COV878 Special Module in Machine Learning


1 credit (1-0-0)


Contents may vary based on the instructor’s expertise and interests within the broader area of Machine Learning. Example topics include (but not limiting to) Statistical Relational Learning, Markov Logic, Multiple Kernel Learning, Multi-agent Systems, Multi-Class Multi-label Learning, Deep Learning, Sum-Product Networks, Active and Semi-supervised Learning, Reinforcement Learning, Dealing with Very High-Dimensional Data, Learning with Streaming Data, Learning under Distributed Architecture.



COV879 Special Module in Financial Algorithms


1 credits (1-0-0)

Pre-requisites: MTL106 OR Equivalent

Overlap with: MTL 732 & MTL 733


Special module that focuses on special topics and research problems of importance in this area.



COV880 Special Module in Parallel Computation


1 credit (1-0-0)

Pre-requisites: Permission of Instructor


Special module that focuses on special topics and research problems of importance in this area.


Turing test questions

COV881 Special Module in Hardware Systems


1 credit (1-0-0)

Pre-requisites: Permission of Instructor


Special module that focuses on special topics and research problems of importance in this area.



COV882 Special Module in Software Systems


1 credit (1-0-0)


Special module that focuses on special topics and research problems of importance in this area.



COV883 Special Module in Theoretical Computer Science


1 credit (1-0-0)

Pre-requisites: COL 351 OR equivalent


Special module that focuses on special topics and research problems of importance in this area.



COV884 Special Module in Artificial Intelligence


1 credit (1-0-0)

Pre-requisites: COL333 / COL671 / Equivalent


Special module that focuses on special topics and research problems of importance in this area.



COV885 Special Module in Computer Applications


1 credit (1-0-0)


Special module that focuses on special topics and research problems of importance in this area.


Boolean Turing Test Mac Os Catalina


COV886 Special Module in Algorithms


1 credit (1-0-0)

Pre-requisites: COL351 OR Equivalent


Special module that focuses on special topics and research problems of importance in this area.



COV887 Special Module in High Speed Networks


1 credit (1-0-0)

Pre-requisites: COL 334 OR COl 672


The course will be delivered through a mix of lectures and paper reading seminars on advanced topics in Computer Networks.
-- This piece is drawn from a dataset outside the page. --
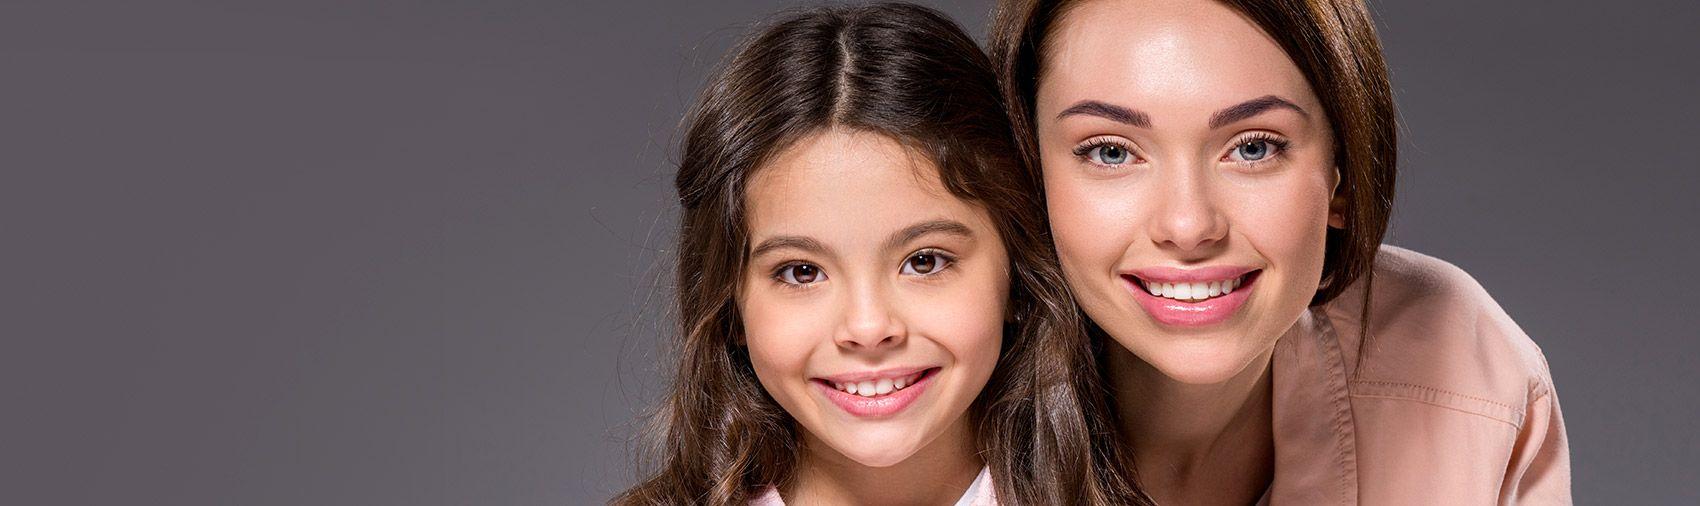 Dental Bonding - Meredith Levine, DDS, Inc.

Students will be introduced to topics such as software defined networking, content distribution, advanced TCP methodologies, delay tolerant networking, data center networking, home networking, green networking, clean state architecture for the Internet, Internet of things, etc.



COV888 Special Module in Database Systems


1 credit (1-0-0)

Pre-requisites: COL362 OR COL632 OR Equivalent


Potential topics or themes which may be covered (one topic per offering) include: data mining, big data management, information retrieval and database systems, semantic web data management, etc



COV889 Special Module in Concurrency


1 credit (1-0-0)

Pre-requisites: MTL106 OR Equivalent


Special module that focuses on special topics and research problems of importance in this area.



COD891 M.Tech Minor Project


3 credits (0-0-6)


Research and development oriented projects based on problems of practical and theoretical interest. Evaluation done based on periodic presentations, student seminars, written reports, and evaluation of the developed system (if applicable). Students are generally expected to work towards the goals and mile stones set for Minor Project COP 891.



COD892 M.Tech Project Part-I


7 credits (0-0-14)


It is expected that the problem specification and milestones to be achieved in solving the problem are clearly specified. Survey of the related area should be completed. This project spans also the course COP892. Hence it is expected that the problem specification and the milestones to be achieved in solving the problem are clearly specified.



COD893 M.Tech Project Part-II


14 credits (0-0-28)

Pre-requisites: COD 892

The student(s) who work on a project are expected to work towards the goals and milstones set in COP893. At the end there would be a demonstration of the solution and possible future work on the same problem. A dissertation outlining the entire problem, including a survey of literature and the various results obtained along with their solutions is expected to be produced by each student.